Aim of the exercise:
Please leave out pictures and print exactly the lines from the one that has "Israeli troops detain" through the last line of the material below.

Information supplied:

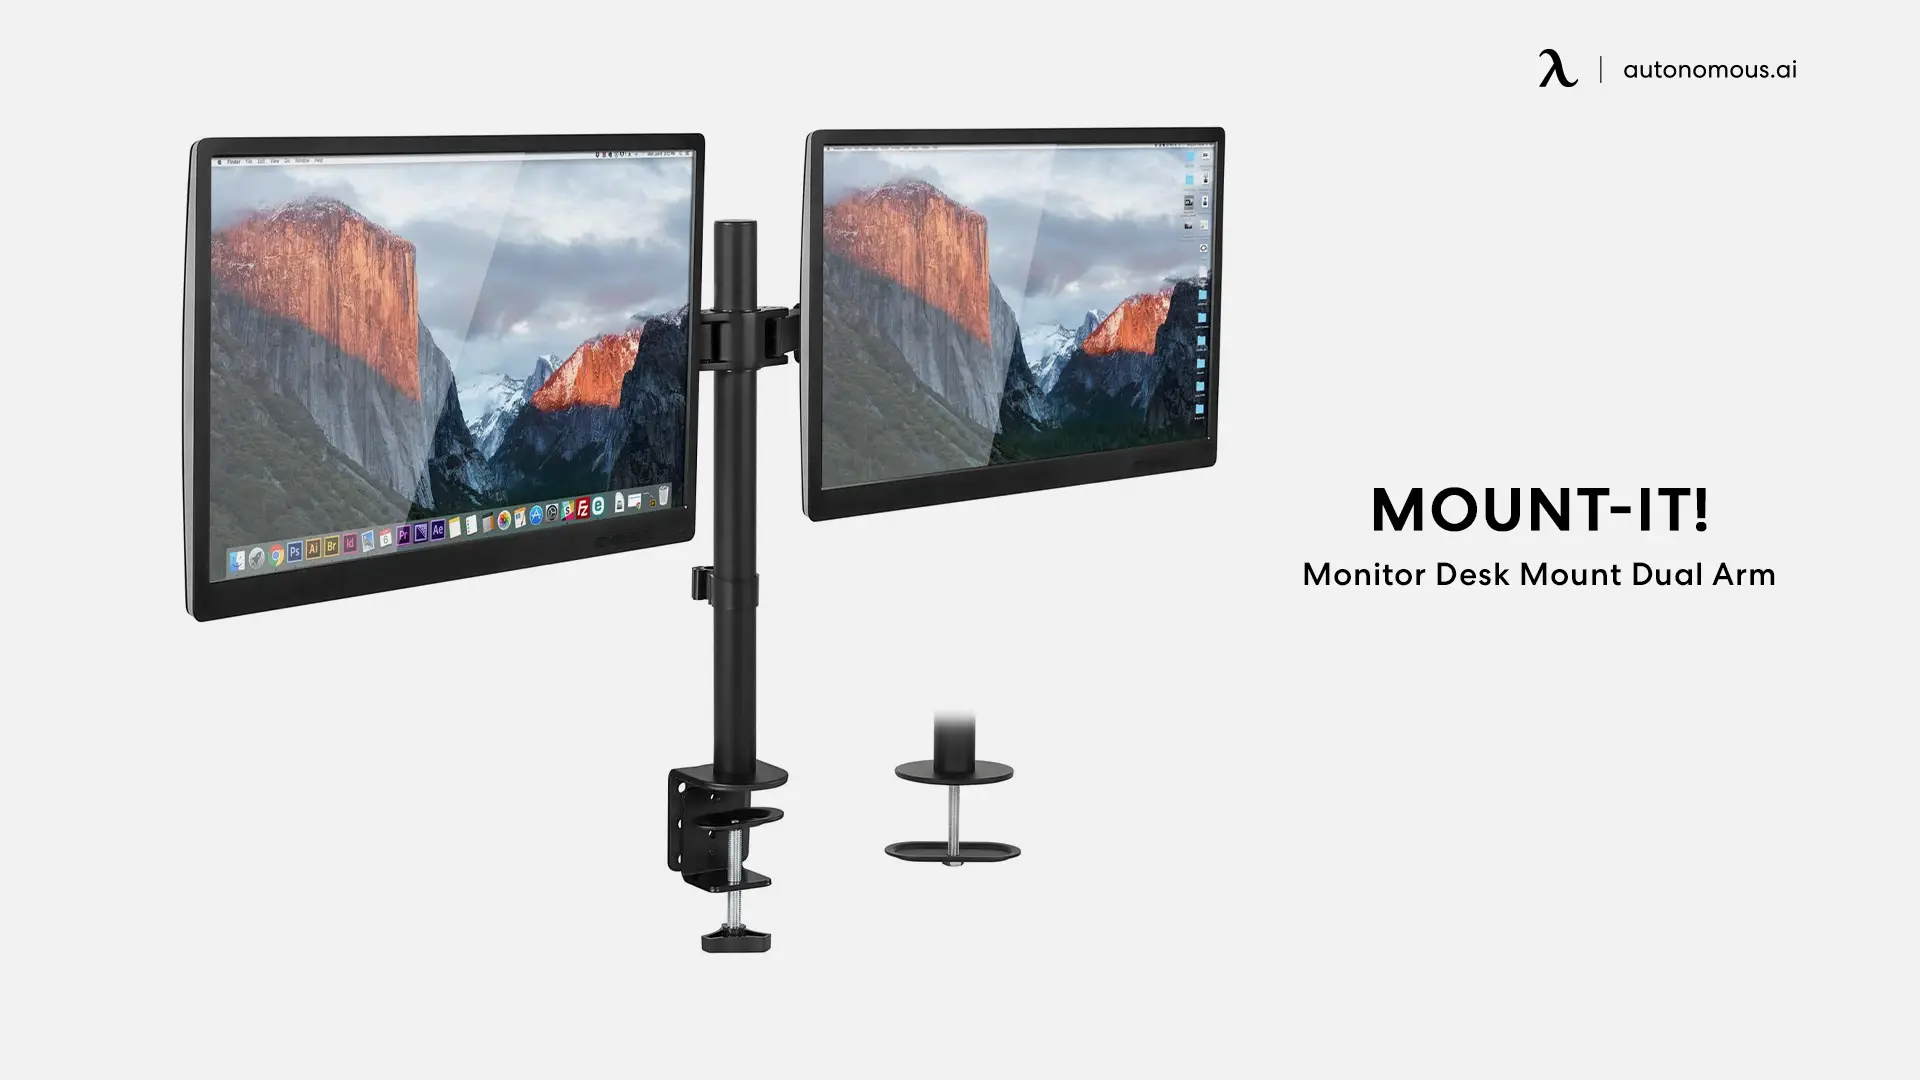 Mount-It! Monitor Desk Mount Dual Arm
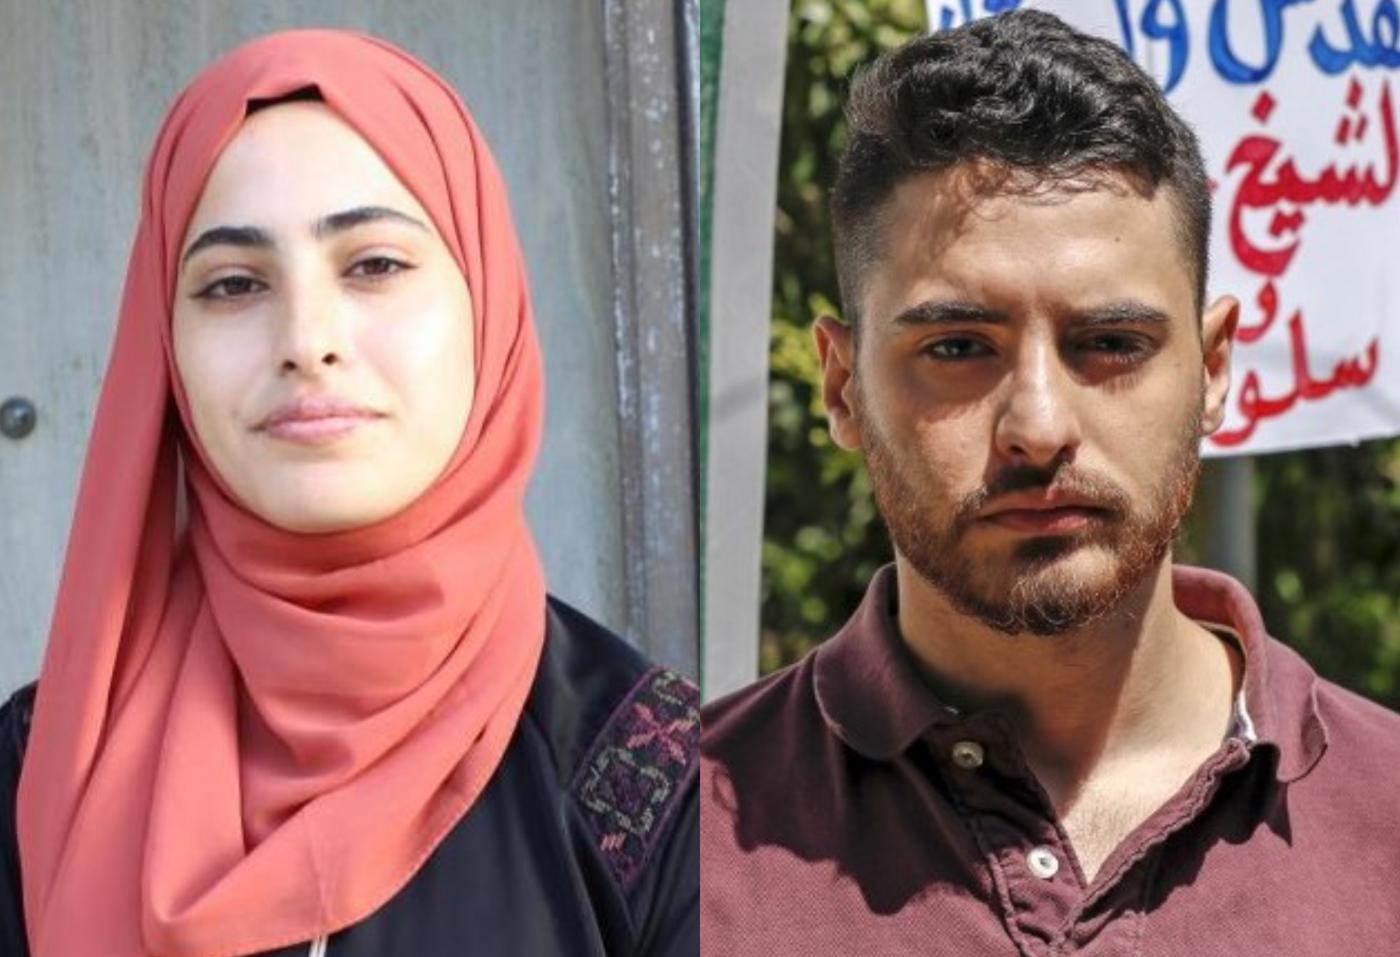 Israeli troops detain Palestinian activist, her brother at Jerusalem home
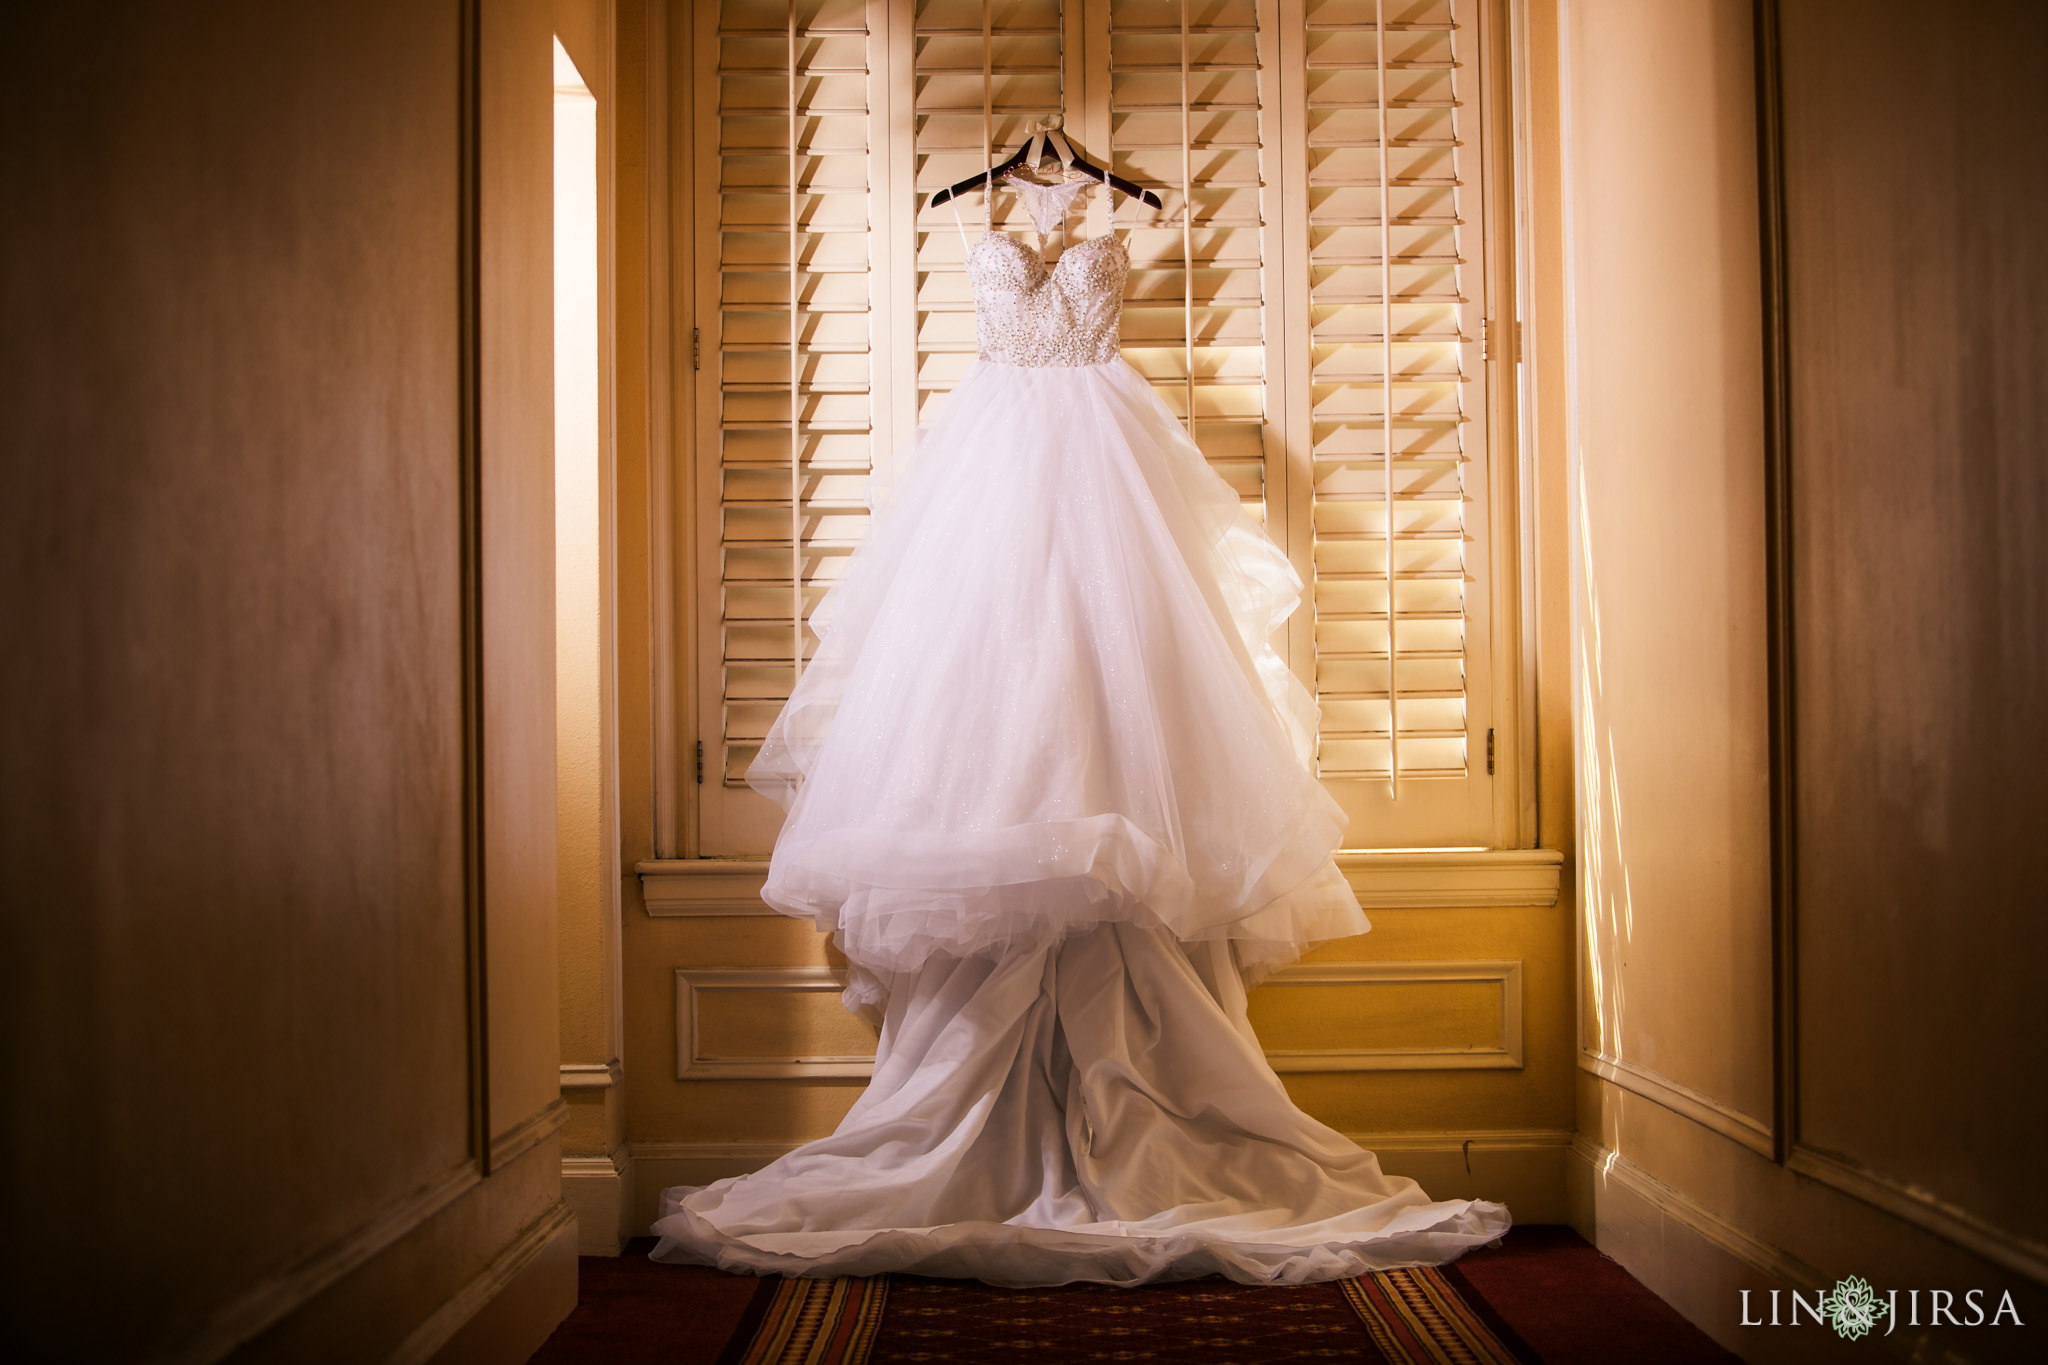 01 millennium biltmore hotel los angeles wedding photography

The answer:
 Israeli troops detain Palestinian activist, her brother at Jerusalem home
 01 millennium biltmore hotel los angeles wedding photography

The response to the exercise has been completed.